Little Fish in a Giant pond

Thursday, January 03, 2008

When is a promise fulfilled?

By now just about everyone is aware that the GST has officially been cut from 6% to 5%, thereby fulfilling Prime Minister Stephen Harper's election promise to cut the GST by 2% (it was at 7% when he was elected). There is considerable debate right now about the move, as many in the opposition have been suggesting that an income tax cut would have been more fair, but for the moment at least I don't really want to get into the soundness of this decision as I'm not exactly an expert on fiscal policy and it is without a doubt a very complicated subject. What really catches my attention is the notion of when a promise is kept. In politics, the failure to keep a promise can be lethal to a candidate or party's electoral success (though this is not always the case).

Whenever former Prime Minister Jean Chrétien was confronted about not eliminating the GST, he was always quick to reply that he never promised to eliminate the GST, only that he would replace it, which is what the first Red Book stated he would do. Of course by now, many of us are probably familiar with the famous clip from This Hour Has 22 Minutes, in which appeared various clips of Chrétien promising that the GST would be gone. To be fair, if something is replaced, it is gone, and in some cases, Chrétien actually managed to reduce the overall sales taxes that are paid in certain provinces by merging the GST with the provincial sales tax. Evidently Canadian voters either accepted the explanation or found it in their hearts to forgive Chrétien because they granted him a second majority in 1997 and a third in 2000.

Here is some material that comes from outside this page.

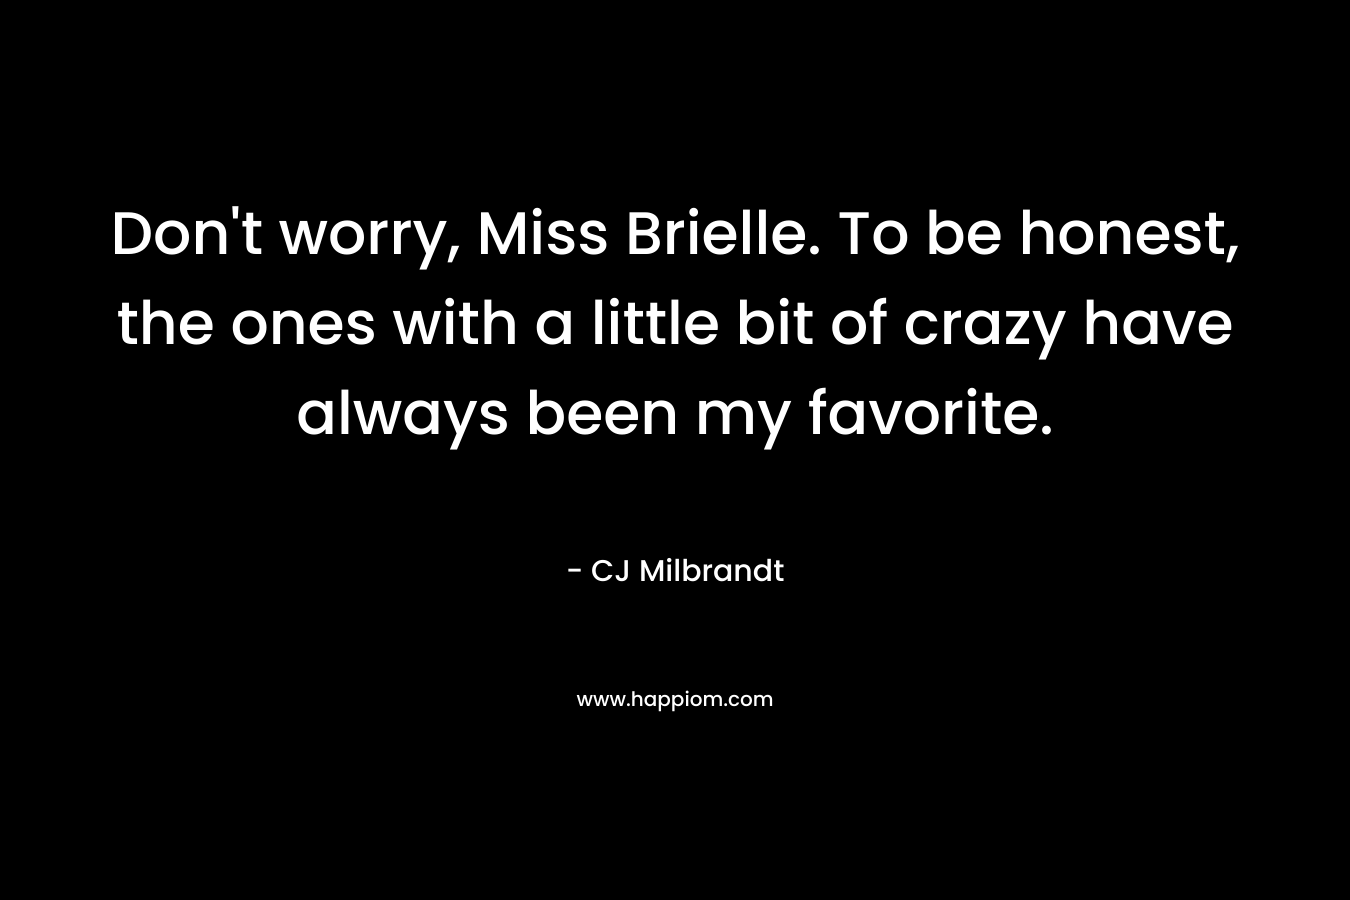 Don’t worry, Miss Brielle. To be honest, the ones with a little bit of crazy have always been my favorite. – CJ Milbrandt

More recently, Ontario Premier Dalton McGuinty faced heavy criticism during the fall 2007 elections (as well as throughout his mandate, which began in 2003) for having raised provincial income taxes via the reviled "health premium". McGuinty justified this reversal by referring to an independant audit of the province's finances, which revealed that Ontario was actually running a deficit of several billion dollars, even though the previous government under Conservatives Mike Harris and Ernie Eves had reported the budget to be balanced. Evidently, Ontario voters considered this to be an acceptable excuse, since they granted McGuinty another majority in October.

On the other hand, one of the major issues in the last Québec election, was premier Jean Charest's not having reduced income taxes as he had promised to do when elected with a majority government in 2003. As a result, his majority government was reduced to a minority government.

Now the current Prime Minister of Canada, Stephen Harper, has made good on one of his election promises by reducing the GST by 2%. Just the same, Harper has already come under heavy fire for having broken his promise not to tax income trusts, as well as for having broken his promise to honour the Atlantic Accord. Harper seems to have taken lessons from Chrétien, by claiming that neither act constitutes a breach of an election promise. He and his finance Minster, Jim Flaherty, are both denying that they are taxing income trusts, and that the funding formula they recently adopted constitues a breach of the Atlantic Accord. He even managed to talk Nova Scotia into a new agreement, but Newfoundland and Labrador Premier Danny Williams is still slamming the federal government for having broken its promise.

Considering the enormous victory Williams recently won in his own provincial elections, the PM is in for one Hell of a fight if he intends to win any seats in Newfoundland. There is also some doubt that things will go over quite so smoothly in Nova Scotia as well, since despite being booted from the Conservative caucus for having voted against the budget that contained the disputed funding formula, Nova Scotia MP Bill Casey has since been re-nominated by his riding association, which of course was not accepted by the party. Casey will likely run as an independent, and may become the next Chuck Cadman (may he rest in peace). Right now it is hard to tell whether or not the entire province of Nova Scotia will punish Harper's Conservatives. In fact even Casey is not assured victory. With a possible federal elction due this Spring, it will be interesting to see whether or not Harper is able to appear as a man of his word, or if he is blasted for not keeping his promise. As with everything else in politics, perception is everything.